Work with Jobs
In the PDI client (Spoon), you can develop jobs that orchestrate your ETL activities. The entries used in your jobs define the individual ETL elements (such as transformations). The jobs containing your entries are stored in .kjb files. You can access these .kjb files through the PDI client.
Create a Job
Follow these instructions to create your job.
- Perform one of the following actions:
- Click File > New > Job.
- Click the New file icon in the toolbar and select Job.
- Hold down the CTRL+ALT+N keys.
- Go to the Design tab. Expand the folders or use the Entries field to search for specific entries.
- Either drag or double-click an entry to place it on the PDI client canvas.
- Double-click the entry to open its properties window. For help on filling out the window, click the Help button that is available in each entry.
- To add another entry, either drag or double-click the entry to place it on the PDI client canvas.
- If you dragged the entry to the canvas, you can add a hop by pressing the SHIFT key and drawing a hop from one entry to the other.
- If you double-click it, the entry appears on the canvas with a hop already connected to your previous entry.
- When finished, save the job.
Open a Job
The way you open an existing job depends on whether you are using PDI locally on your machine or if you are connected to a repository. If you are connected to a repository, you are remotely accessing your file on the Pentaho Server.

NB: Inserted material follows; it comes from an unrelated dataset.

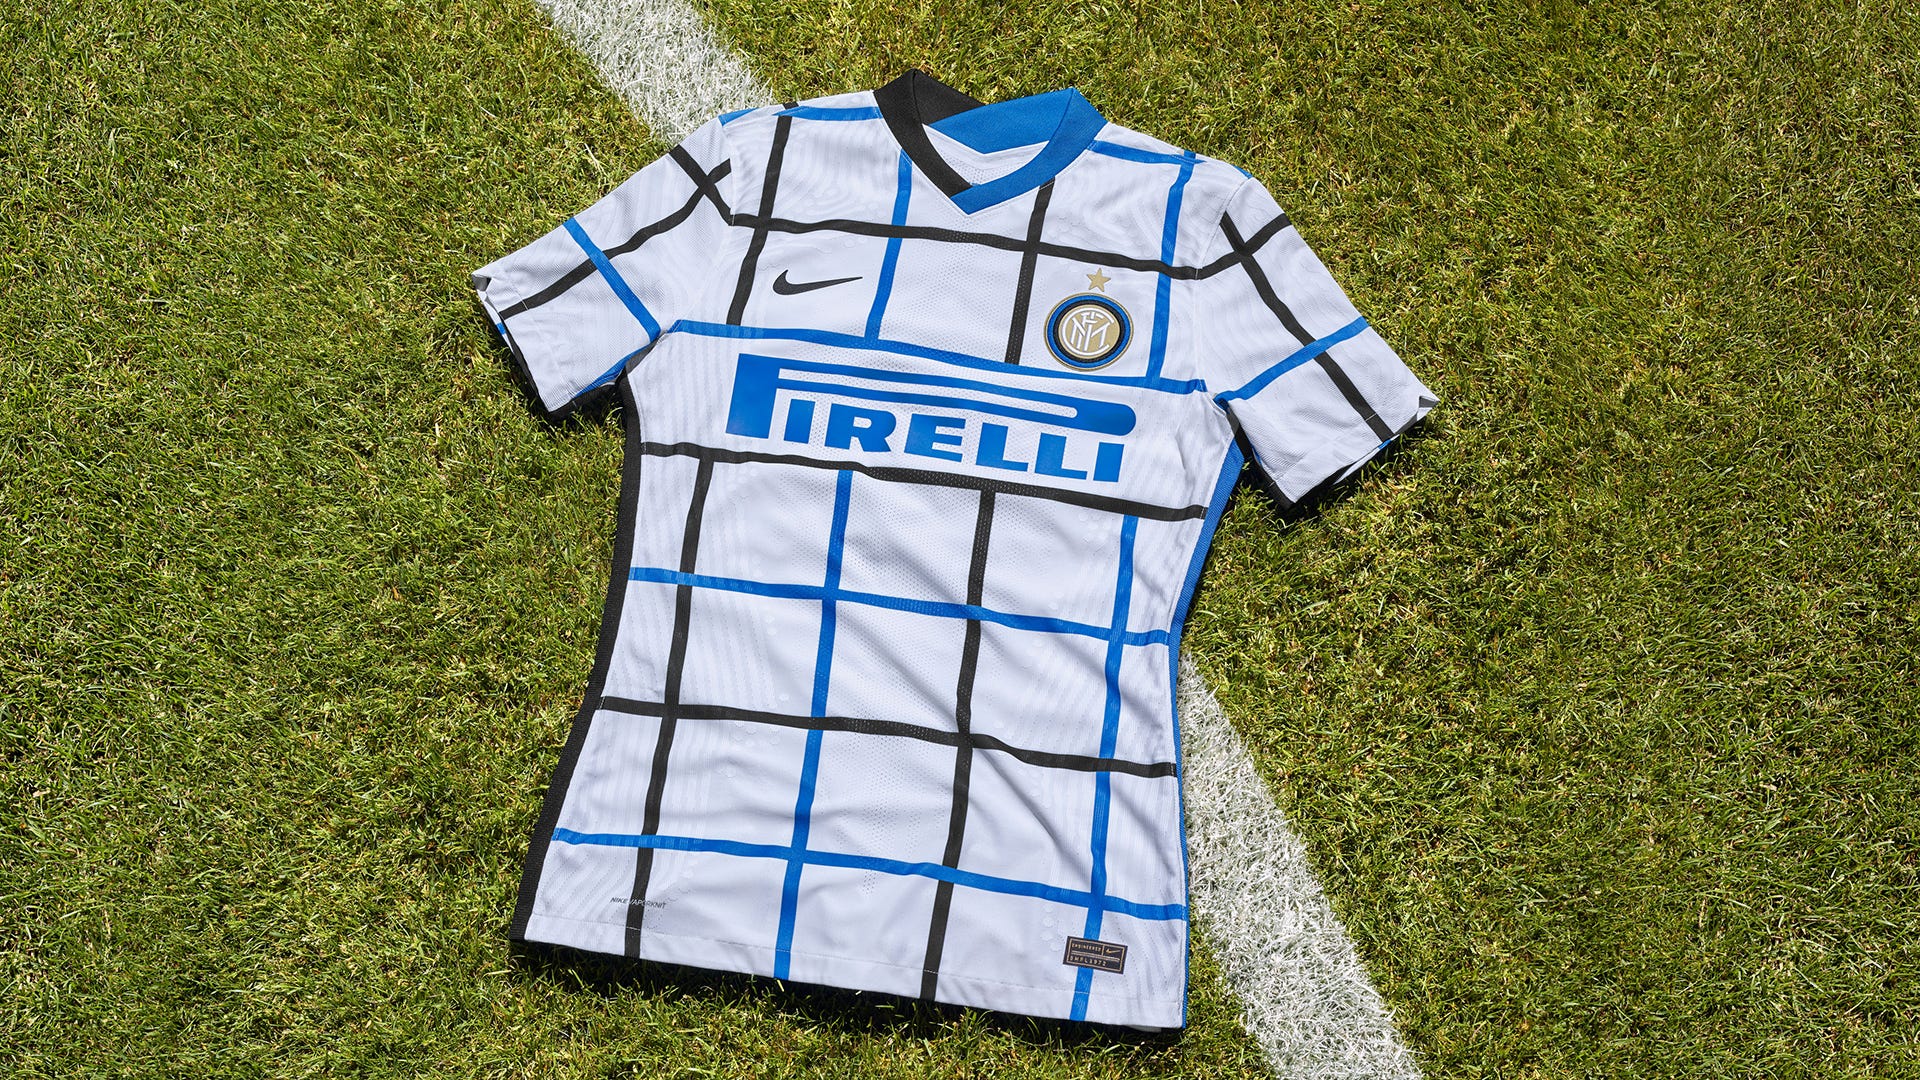 2020-21 Everton Home/Second Away Soccer Jersey Short Sleeve Adult FOOTBALL Shirt 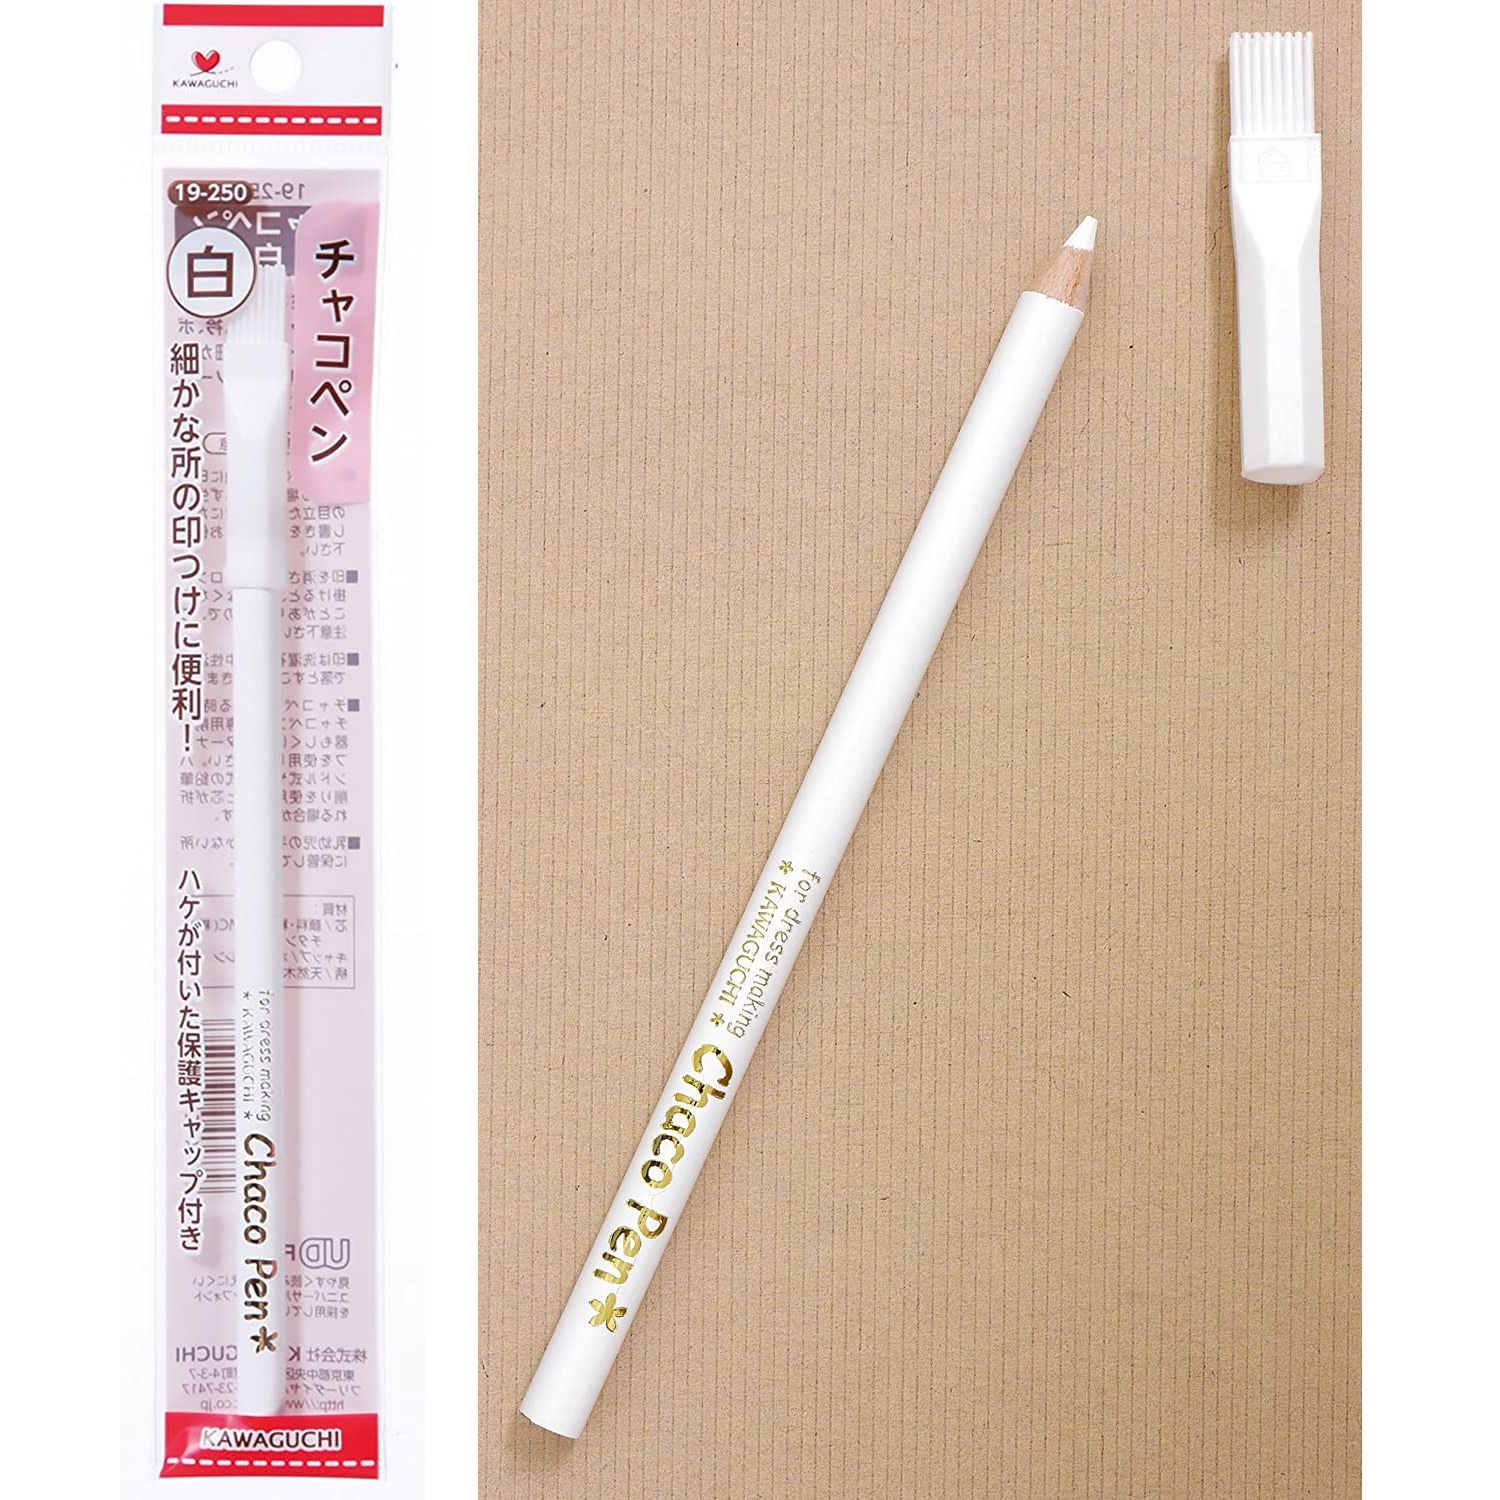 TK19250 KAWAGUCHI Charcoal Pen White (pcs)

Another option is to open a job using HTTP with the Visual File System (VFS) Browser.
If you get a message indicating that a plugin is missing, see the Troubleshooting Transformation Steps and Job Entries section for more details.
If you recently had a file open, you can also use File > Open Recent.
On Your Local Machine
Follow these instructions to open a job on your local machine.
- In the PDI client, perform one of the following actions:
- Select File > Open.
- Click the Open file icon in the toolbar.
- Hold down the CTRL+O keys.
- Select the file from the Open window, then click Open.
The Open window closes when your job appears in the canvas.
In the Pentaho Repository
Follow these instructions to access a job in the Pentaho Repository.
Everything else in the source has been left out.